9. Pour déclarer irrecevable la demande de naturalisation présentée par Mme B..., le ministre a estimé que l'intéressée avait, lors de l'entretien d'assimilation du 7 juillet 2015 qui s'était déroulé à la préfecture du Nord, montré " une méconnaissance manifeste de l'histoire, la culture et la société françaises et/ou des droits et devoirs conférés par la nationalité française ".
10. Il ressort du compte-rendu de l'entretien d'assimilation du 14 mars 2019 que Mme B... n'a pas répondu aux questions posées telles que : " quelle est la devise de la République ' ", " quelle est la date de la fête nationale ", " quel fleuve traverse Paris' ", " combien y a-t-il de départements en Ile-de-France " ou encore : " comment se nomme le maire ou la maire de votre commune ' ". Aucun élément au dossier n'est de nature à établir, ainsi que le soutient l'intéressée, qu'il serait " invraisemblable " au regard du cadre de vie et de son parcours personnel qu'elle n'ait pu apporter de réponse à ces questions.

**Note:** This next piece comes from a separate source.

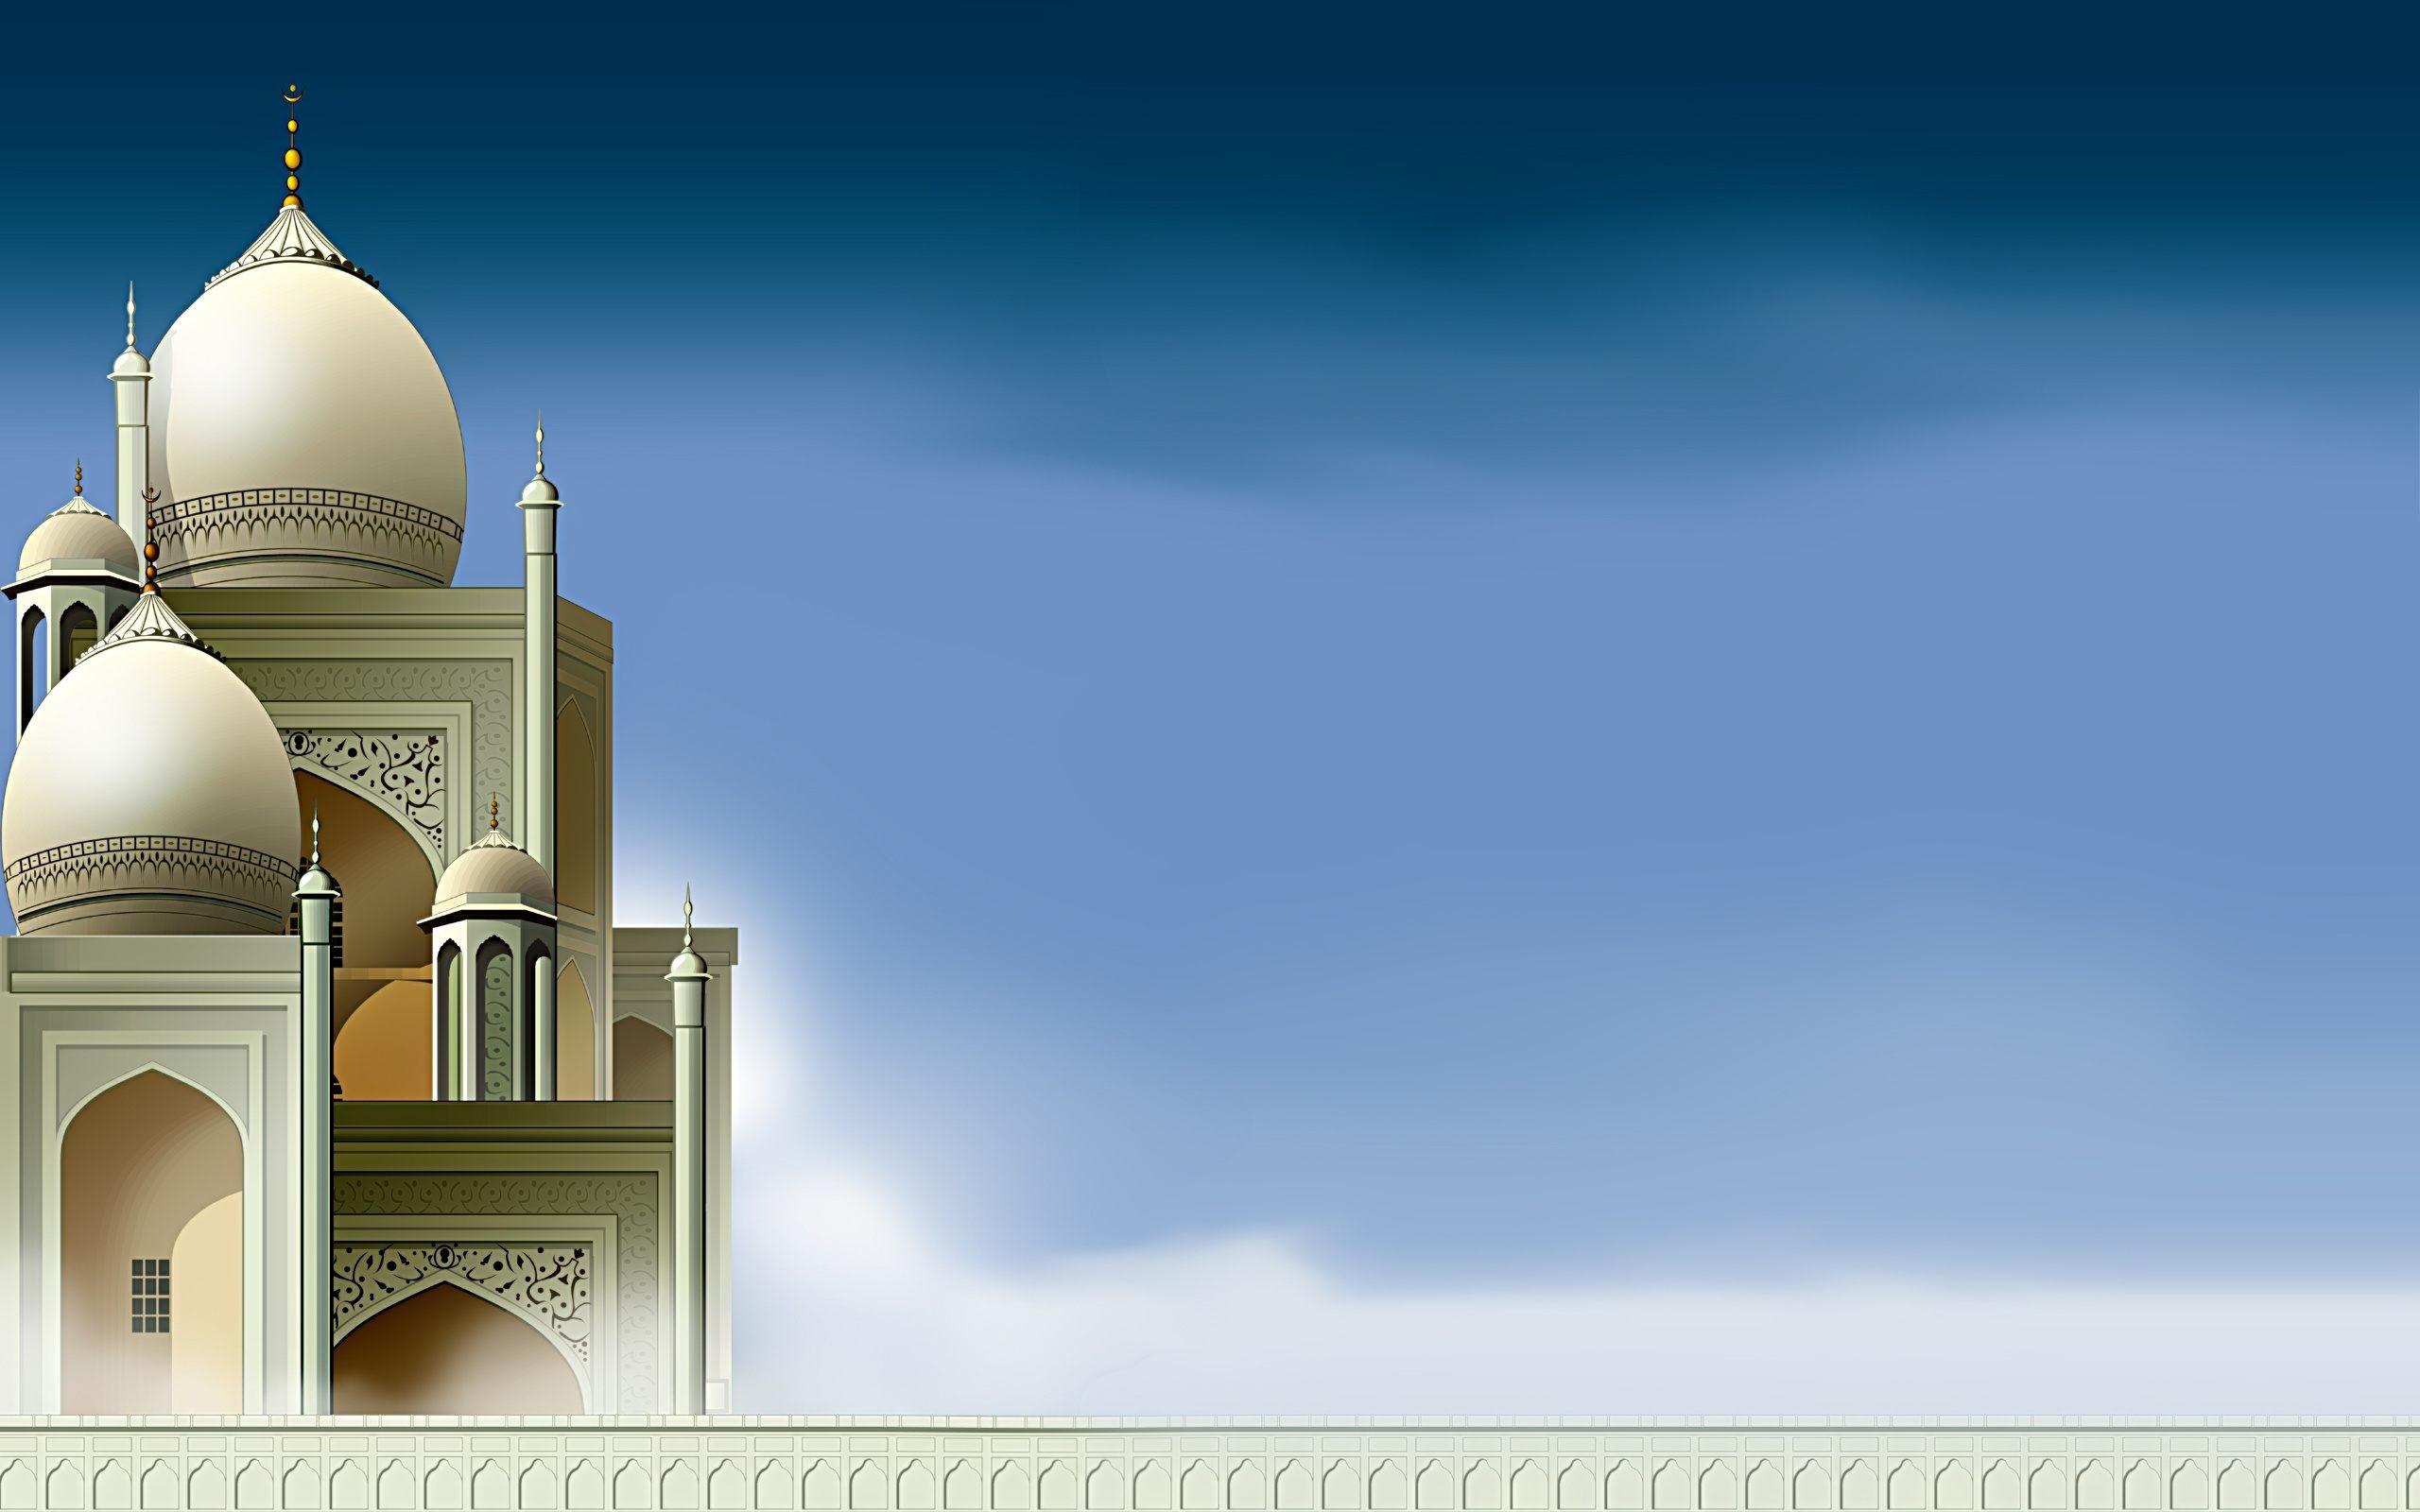 Islamic Wallpaper Hd Download Full Wallpaper Of Masjid 53 Images

Dans ces conditions, le ministre de l'intérieur n'a pas fait une inexacte application des dispositions de l'article 21-24 du code civil en déclarant irrecevable la demande de naturalisation de Mme B... en raison d'une insuffisance d'assimilation à la société française.
11. Il résulte de tout ce qui précède, et sans qu'il soit besoin d'examiner la recevabilité de sa demande, que Mme B... n'est pas fondée à demander l'annulation de la décision implicite du ministre de l'intérieur rejetant le recours formé contre la décision par laquelle le préfet de la Seine-Saint-Denis a déclaré irrecevable sa demande de naturalisation.
Sur les conclusions à fin d'injonction :
12. Le présent arrêt, qui rejette la requête de Mme B..., n'appelle aucune mesure d'exécution. Par suite, les conclusions de l'intéressée tendant à ce qu'il soit enjoint, sous astreinte, au ministre de l'intérieur de lui accorder la nationalité française, doivent être rejetées.
Sur les frais liés au litige :
13. Les dispositions de l'article L. 761-1 du code de justice administrative font obstacle à ce que soit mise à la charge de l'État, qui n'est pas, dans la présente instance, la partie perdante, la somme que Mme B... demande au titre des dispositions de l'article L. 761-1 du code de justice administrative.
DÉCIDE :
Article 1er : L'ordonnance du 22 janvier 2021 du président de la 5ème chambre du tribunal administratif de Nantes est annulée.
Article 2 : La demande présentée par Mme B... devant le tribunal administratif de Nantes et le surplus de ses conclusions d'appel sont rejetées.
Article 3 : Le présent arrêt sera notifié à Mme A... C... B... et au ministre de l'intérieur.
Délibéré après l'audience du 3 janvier 2022, à laquelle siégeaient :
- M. Francfort, président de chambre,
- Mme Buffet, présidente-assesseure,
- M. Frank, premier conseiller.
Lu en audience publique, le 18 janvier 2022.
La rapporteure,
C. BUFFETLe président,
J. FRANCFORT
Le greffier,
C. GOY
La République mande et ordonne au ministre de l'intérieur en ce qui le concerne, et à tous huissiers de justice à ce requis en ce qui concerne les voies de droit commun contre les parties privées, de pourvoir à l'exécution de la présente décision.